DIRECTIONS FOR THIS TASK: Once the pictures are set aside, transcribe the remaining data exactly.

PROVIDED DATA:
□ □ □ □

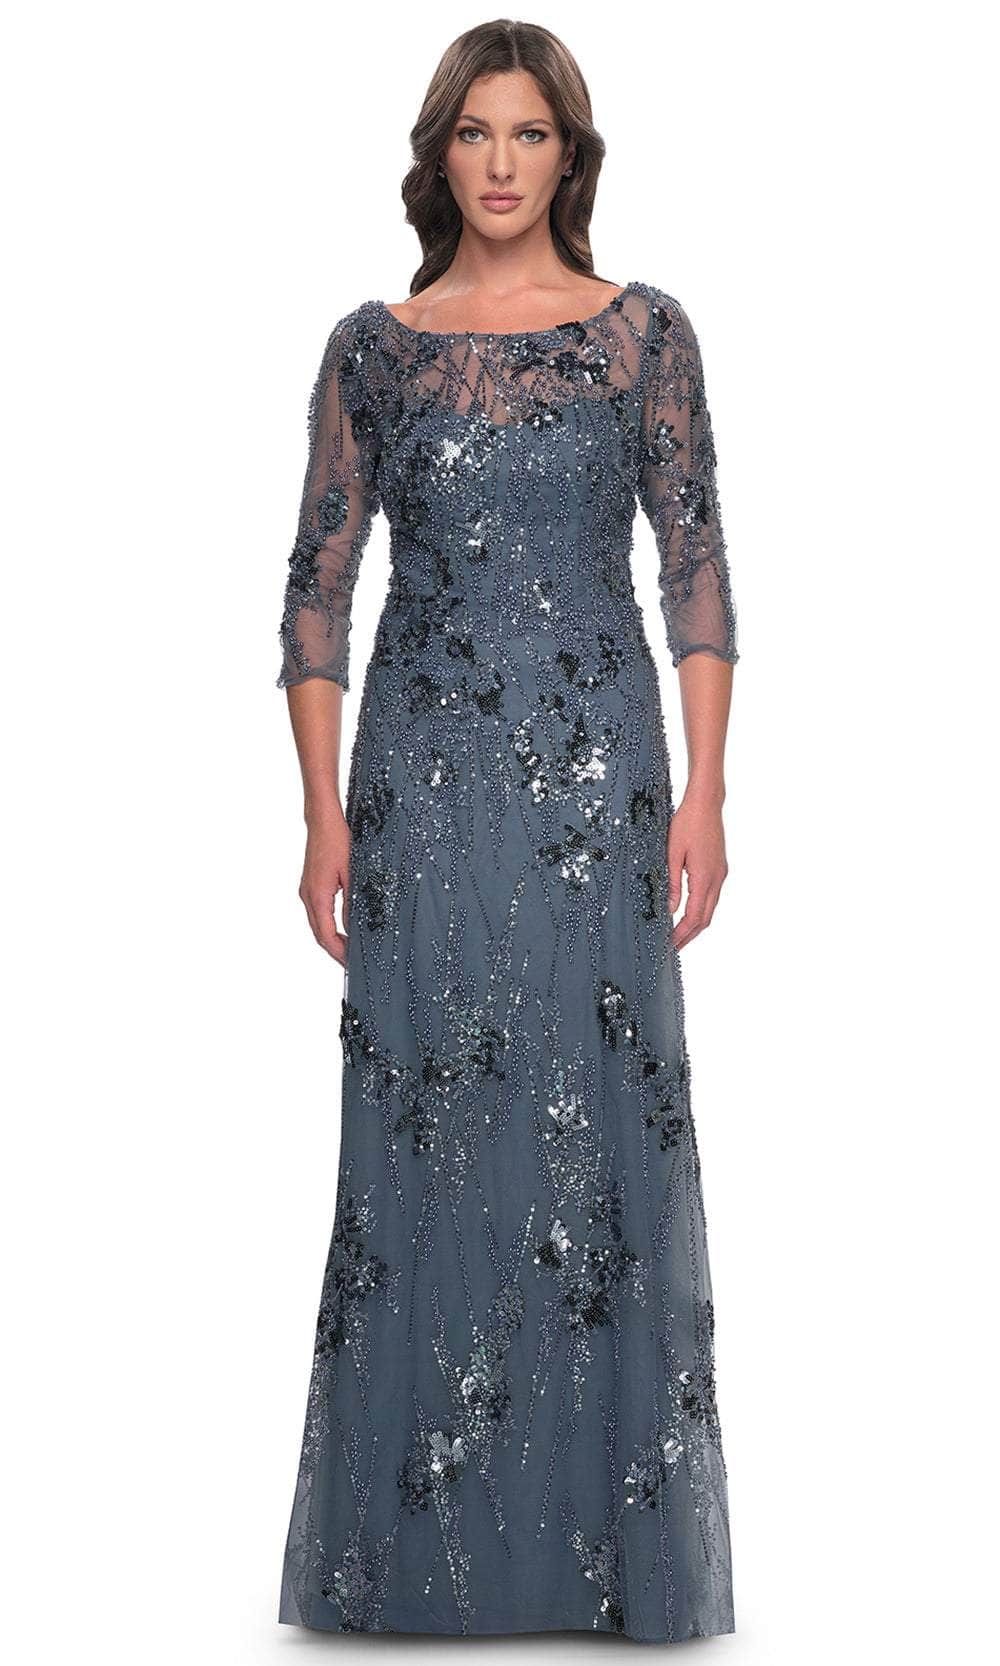 Image of La Femme 31458 - Quarter Sleeve Rhinestone Embellished Evening Gown
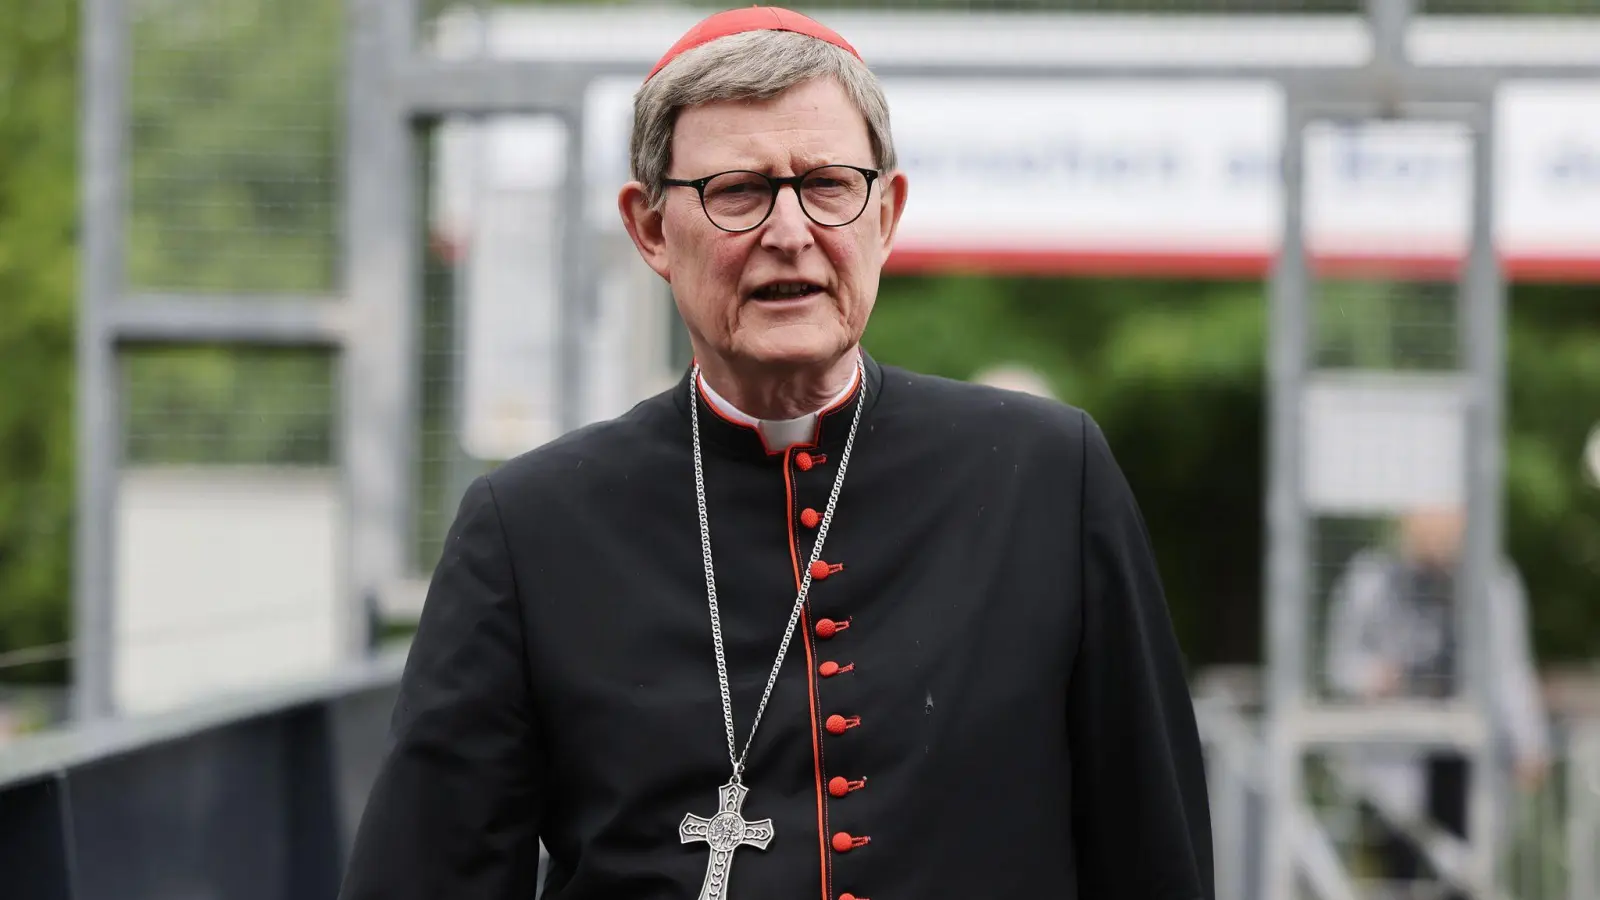 Steht weiter unter Druck: Der katholische Kardinal Rainer Maria Woelki. (Foto: Oliver Berg/dpa)
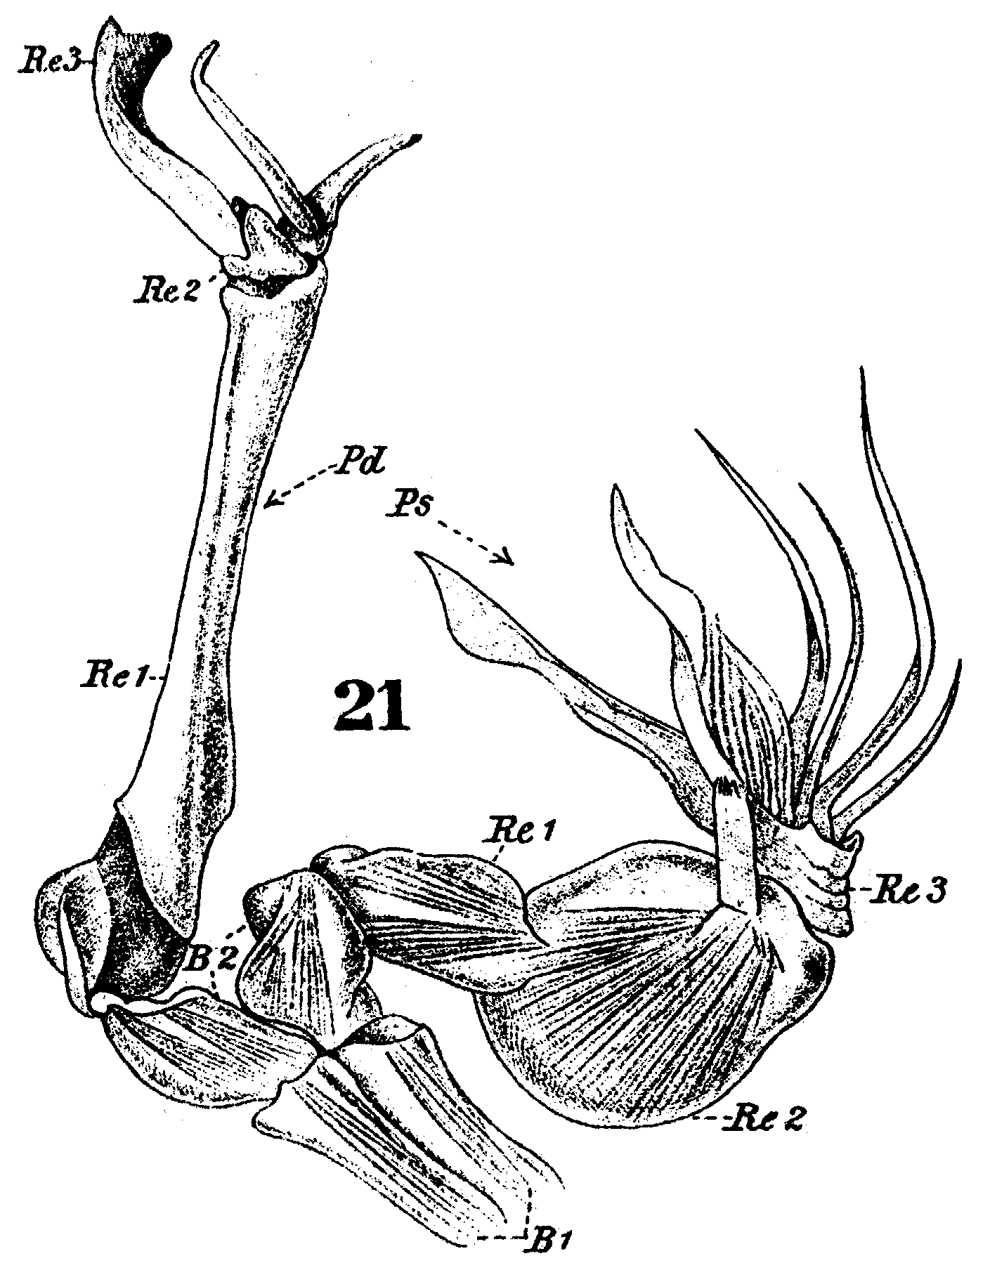 Species Stephos gyrans - Plate 3 of morphological figures

□ □ □ □

OUTPUT FOR THIS EXERCISE:
 Image of La Femme 31458 - Quarter Sleeve Rhinestone Embellished Evening Gown
 Steht weiter unter Druck: Der katholische Kardinal Rainer Maria Woelki. (Foto: Oliver Berg/dpa)
 Species Stephos gyrans - Plate 3 of morphological figures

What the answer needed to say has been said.